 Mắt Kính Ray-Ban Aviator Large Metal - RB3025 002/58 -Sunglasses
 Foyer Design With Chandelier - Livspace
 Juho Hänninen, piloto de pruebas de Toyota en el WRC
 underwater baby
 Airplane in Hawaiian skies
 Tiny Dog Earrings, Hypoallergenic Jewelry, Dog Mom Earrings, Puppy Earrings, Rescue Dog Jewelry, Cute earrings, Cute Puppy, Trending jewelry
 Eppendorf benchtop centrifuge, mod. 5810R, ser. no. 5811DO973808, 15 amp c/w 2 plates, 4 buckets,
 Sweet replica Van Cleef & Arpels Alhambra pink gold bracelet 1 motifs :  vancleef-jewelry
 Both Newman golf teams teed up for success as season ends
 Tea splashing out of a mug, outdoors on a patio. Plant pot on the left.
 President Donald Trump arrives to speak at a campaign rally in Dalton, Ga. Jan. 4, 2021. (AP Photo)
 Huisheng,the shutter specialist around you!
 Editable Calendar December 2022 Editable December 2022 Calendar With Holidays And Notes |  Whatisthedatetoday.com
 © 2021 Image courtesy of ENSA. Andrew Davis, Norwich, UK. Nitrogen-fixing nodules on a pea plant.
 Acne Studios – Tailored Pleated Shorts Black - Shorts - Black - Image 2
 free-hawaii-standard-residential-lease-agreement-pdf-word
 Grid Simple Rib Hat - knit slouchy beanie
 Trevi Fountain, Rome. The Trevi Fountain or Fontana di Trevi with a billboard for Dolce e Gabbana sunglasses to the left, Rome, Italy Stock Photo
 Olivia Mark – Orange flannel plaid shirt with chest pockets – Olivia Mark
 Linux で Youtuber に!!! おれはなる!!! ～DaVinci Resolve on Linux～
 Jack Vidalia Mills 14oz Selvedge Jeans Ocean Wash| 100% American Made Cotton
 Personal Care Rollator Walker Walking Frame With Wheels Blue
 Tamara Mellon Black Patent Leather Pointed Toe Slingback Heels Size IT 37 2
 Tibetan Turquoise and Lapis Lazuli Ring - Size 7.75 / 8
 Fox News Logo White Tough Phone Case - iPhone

------------------------------------------------------------------------

> **EXERCISE**: Each line of the listing above should be output exactly.

> **YOUR RESPONSE**:
 Mắt Kính Ray-Ban Aviator Large Metal - RB3025 002/58 -Sunglasses
 Foyer Design With Chandelier - Livspace
 Juho Hänninen, piloto de pruebas de Toyota en el WRC
 underwater baby
 Airplane in Hawaiian skies
 Tiny Dog Earrings, Hypoallergenic Jewelry, Dog Mom Earrings, Puppy Earrings, Rescue Dog Jewelry, Cute earrings, Cute Puppy, Trending jewelry
 Eppendorf benchtop centrifuge, mod. 5810R, ser. no. 5811DO973808, 15 amp c/w 2 plates, 4 buckets,
 Sweet replica Van Cleef & Arpels Alhambra pink gold bracelet 1 motifs :  vancleef-jewelry
 Both Newman golf teams teed up for success as season ends
 Tea splashing out of a mug, outdoors on a patio. Plant pot on the left.
 President Donald Trump arrives to speak at a campaign rally in Dalton, Ga. Jan. 4, 2021. (AP Photo)
 Huisheng,the shutter specialist around you!
 Editable Calendar December 2022 Editable December 2022 Calendar With Holidays And Notes |  Whatisthedatetoday.com
 © 2021 Image courtesy of ENSA. Andrew Davis, Norwich, UK. Nitrogen-fixing nodules on a pea plant.
 Acne Studios – Tailored Pleated Shorts Black - Shorts - Black - Image 2
 free-hawaii-standard-residential-lease-agreement-pdf-word
 Grid Simple Rib Hat - knit slouchy beanie
 Trevi Fountain, Rome. The Trevi Fountain or Fontana di Trevi with a billboard for Dolce e Gabbana sunglasses to the left, Rome, Italy Stock Photo
 Olivia Mark – Orange flannel plaid shirt with chest pockets – Olivia Mark
 Linux で Youtuber に!!! おれはなる!!! ～DaVinci Resolve on Linux～
 Jack Vidalia Mills 14oz Selvedge Jeans Ocean Wash| 100% American Made Cotton
 Personal Care Rollator Walker Walking Frame With Wheels Blue
 Tamara Mellon Black Patent Leather Pointed Toe Slingback Heels Size IT 37 2
 Tibetan Turquoise and Lapis Lazuli Ring - Size 7.75 / 8
 Fox News Logo White Tough Phone Case - iPhone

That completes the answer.